NVIDIA / dcgm-exporter

NVIDIA GPU metrics exporter for Prometheus leveraging DCGM
Apache License 2.0
885 stars 154 forks source link

NVIDIA DCGM Exporter Dashboard does not work in vGPU cluster #236

Open Levi080513 opened 8 months ago

Levi080513 commented 8 months ago

Currently we use DCGM_FI_DEV_GPU_TEMP to obtain the instance/GPU list, but this metrics is not collected in vGPU clusters. This will prevent the dashboard from displaying properly.

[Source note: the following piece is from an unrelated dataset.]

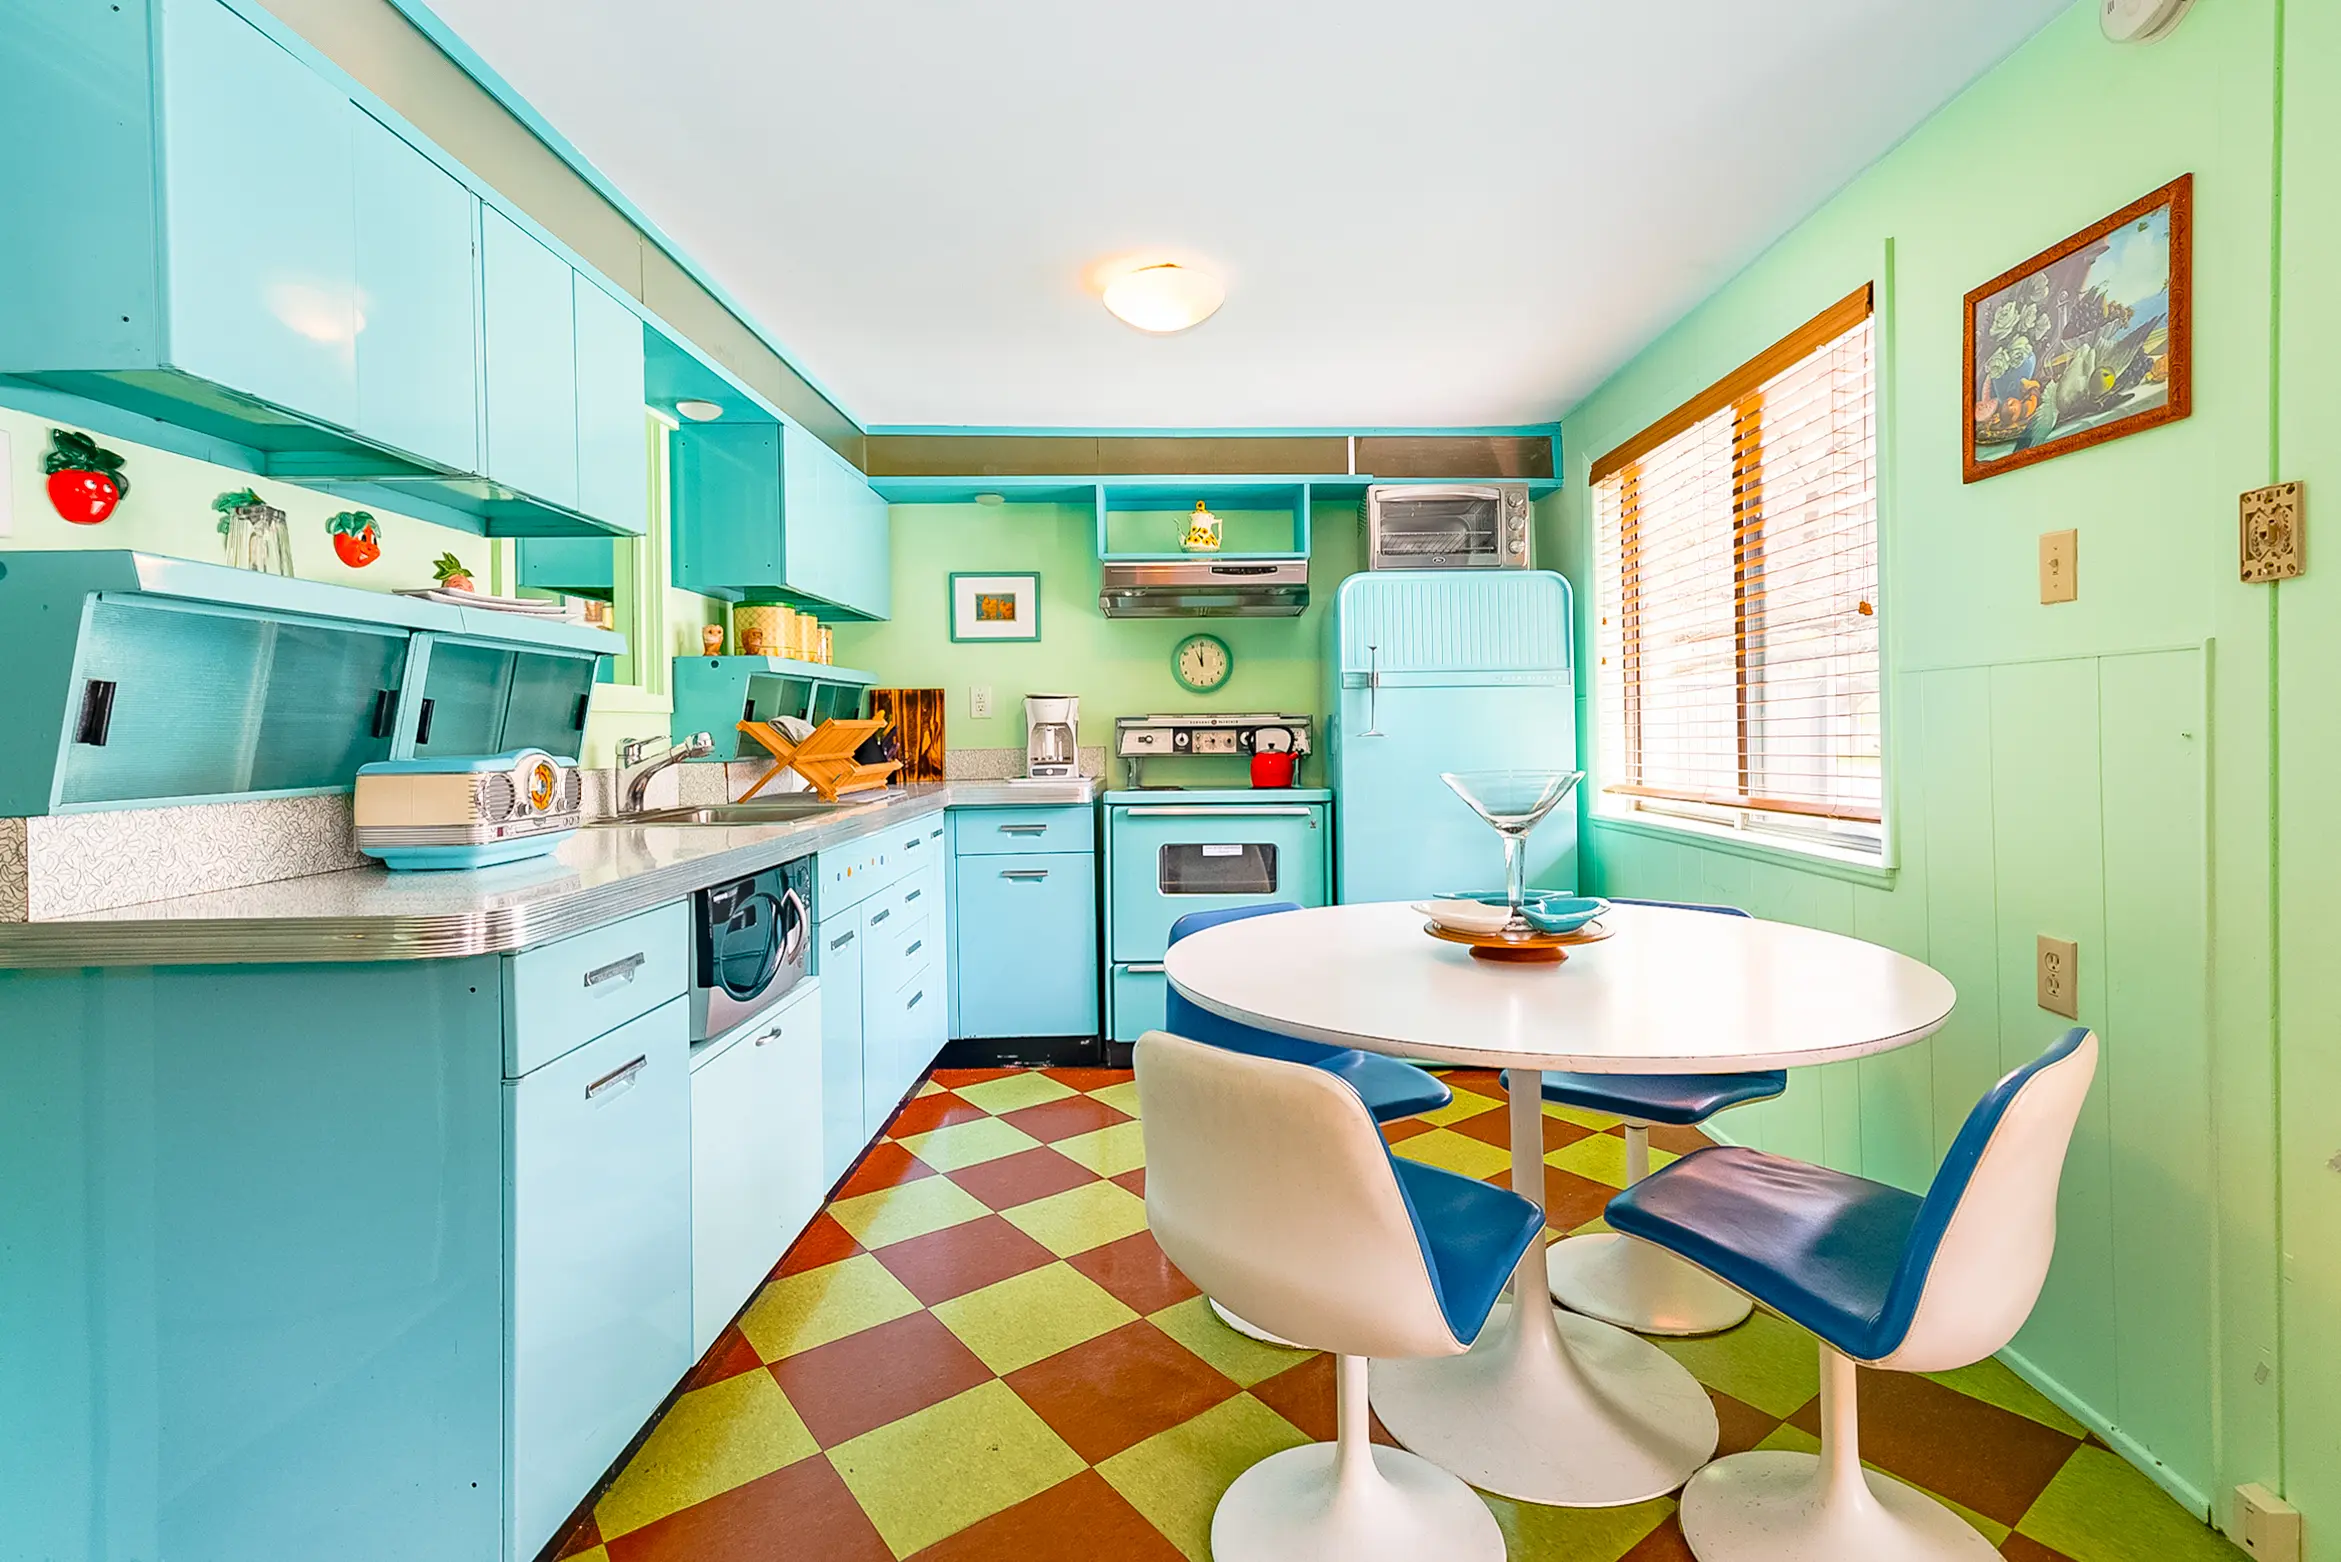 Kate Pierson of the B-52s lists her retro Catskills compound for $2.2M ...

https://github.com/NVIDIA/dcgm-exporter/blob/30d4ddcae9c7153c31dd35301aa4a1f3b90a2096/grafana/dcgm-exporter-dashboard.json#L784

https://github.com/NVIDIA/dcgm-exporter/blob/30d4ddcae9c7153c31dd35301aa4a1f3b90a2096/grafana/dcgm-exporter-dashboard.json#L761

nvvfedorov commented 8 months ago

Can you try to use other metrics available on your vGPU?

Levi080513 commented 8 months ago

DCGM_FI_DEV_GPU_UTIL metrics is work well.

Levi080513 commented 8 months ago

Can I submit a PR to fix it?

nvvfedorov commented 8 months ago

@Levi080513 , sure you can submit PRs; we appreciate community contribution.